Meantime about 1900, the city of Ithaca asked Patrick to start a city band. With the financial backing of Ebenezer Treman, one of the civic minded, wealthy merchants of the town, Patrick was able to bring some of the finest musicians in the world to Ithaca. Some of these musicians took their families and lived there, playing in the old Lyceum Theater Orchestra during the winter season when the band was not on tour.

This band played in practically every music and amusement center in the country. They went on many tours such as: the Buffalo Exposition; the St. Louis World’s Fair; the Cincinnati Zoo; Riverview park, Chicago; the Corn palace at Mitchell, South Dakota; and state fairs in the western states.

About 1904 Patrick’s engagements at Willow Grove Park, a popular resort near Philadelphia, Pennsylvania and at Young’s Pier at Atlantic City, New Jersey began. These continued for many years.

In 1908 Patrick took over the Ithaca Band and gave it the name, “Patrick Conway and his Band.” People who had never heard of Ithaca began to hear about the band which took prizes at concerts given in various cities of the East. An old Ithacan used to reminisce, “Some bands wouldn’t even enter if they knew ‘Patsy’ and his bunch of terrors had.”

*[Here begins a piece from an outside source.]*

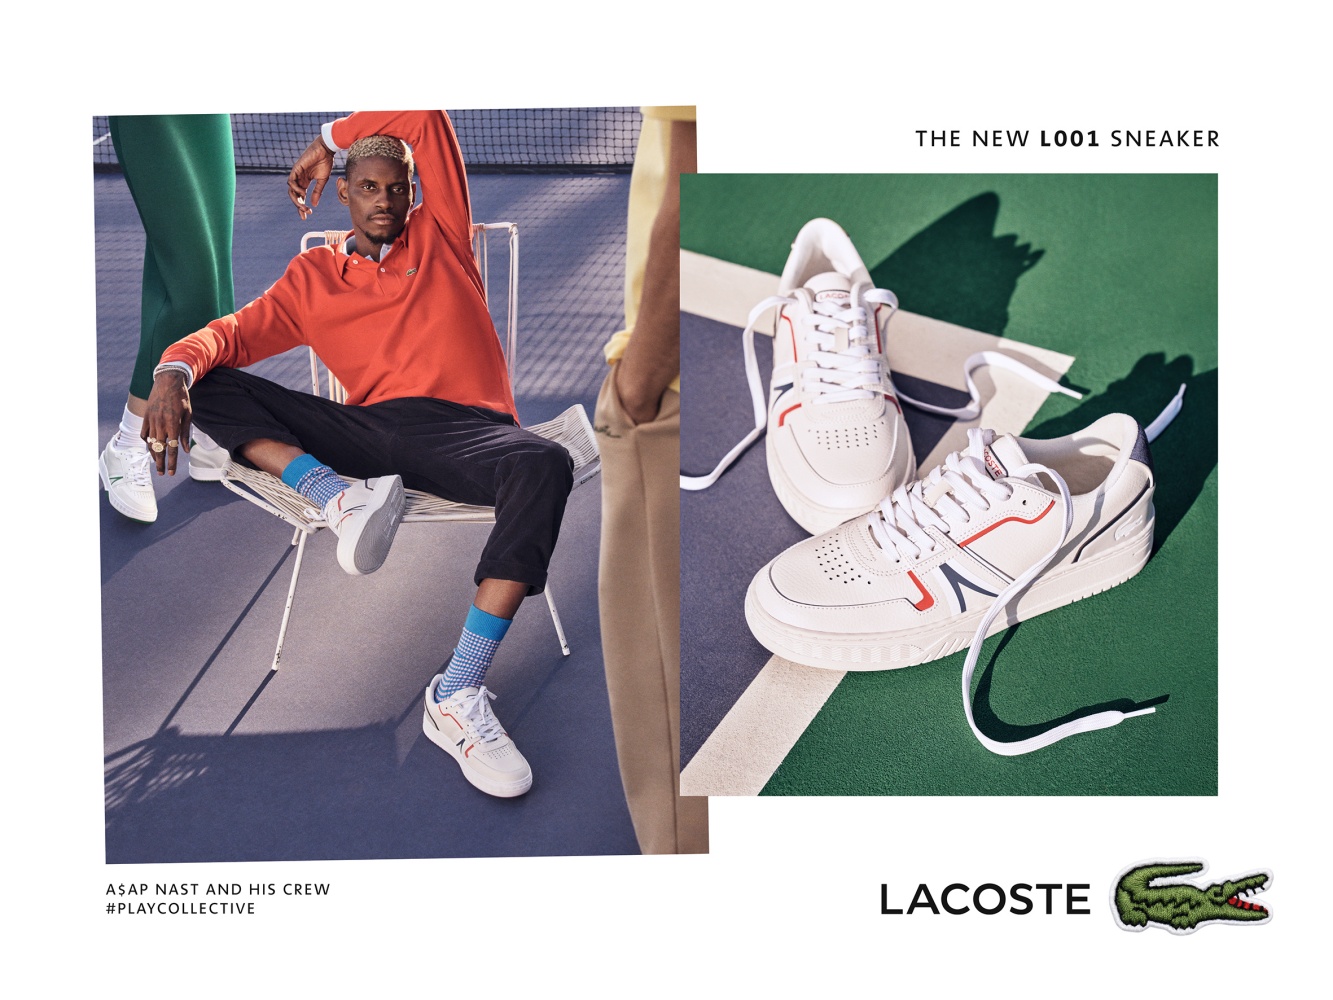 BZ-Lacoste-L001-hinh-anh-3

The next move was to Syracuse, New York. By that time Conway was making transcontinental tours with fifty or sixty men in the band as well as a dozen fine soloists.

In 1915 he played a long engagement at the Panama Pacific Exposition in San Francisco. His friend Sousa was there at the same time, and on one occasion they each conducted part of a great concert in which both bands were massed.

In Syracuse during the winter months Conway organized and conducted the Syracuse Symphony Orchestra as well as a theater orchestra. He also did some composing but published only one march. His band made a number of records for Victor.

During World War I Patrick Conway was commissioned as Captain in the U. S. Army Air Force and sent to Waco, Texas to establish the first Air Force Band. At the same time Sousa was starting the Navy Band at Great Lakes Training Station.

Sorrow came into Patrick and Alice Conway’s lives when their son Paul died at the age of twenty-six. Paul, a pianist of great promise, had also played an instrument in his father’s band until his health failed following an accident when he was eighteen.

The family moved back to Ithaca in 1922. Patrick was made dean of the Conway Band School which was affiliated with the Ithaca Conservatory of Music. During the school year he trained a remarkably fine student band. He took a number of these boys with the big band on the summer tours. How the boys worked for that privilege!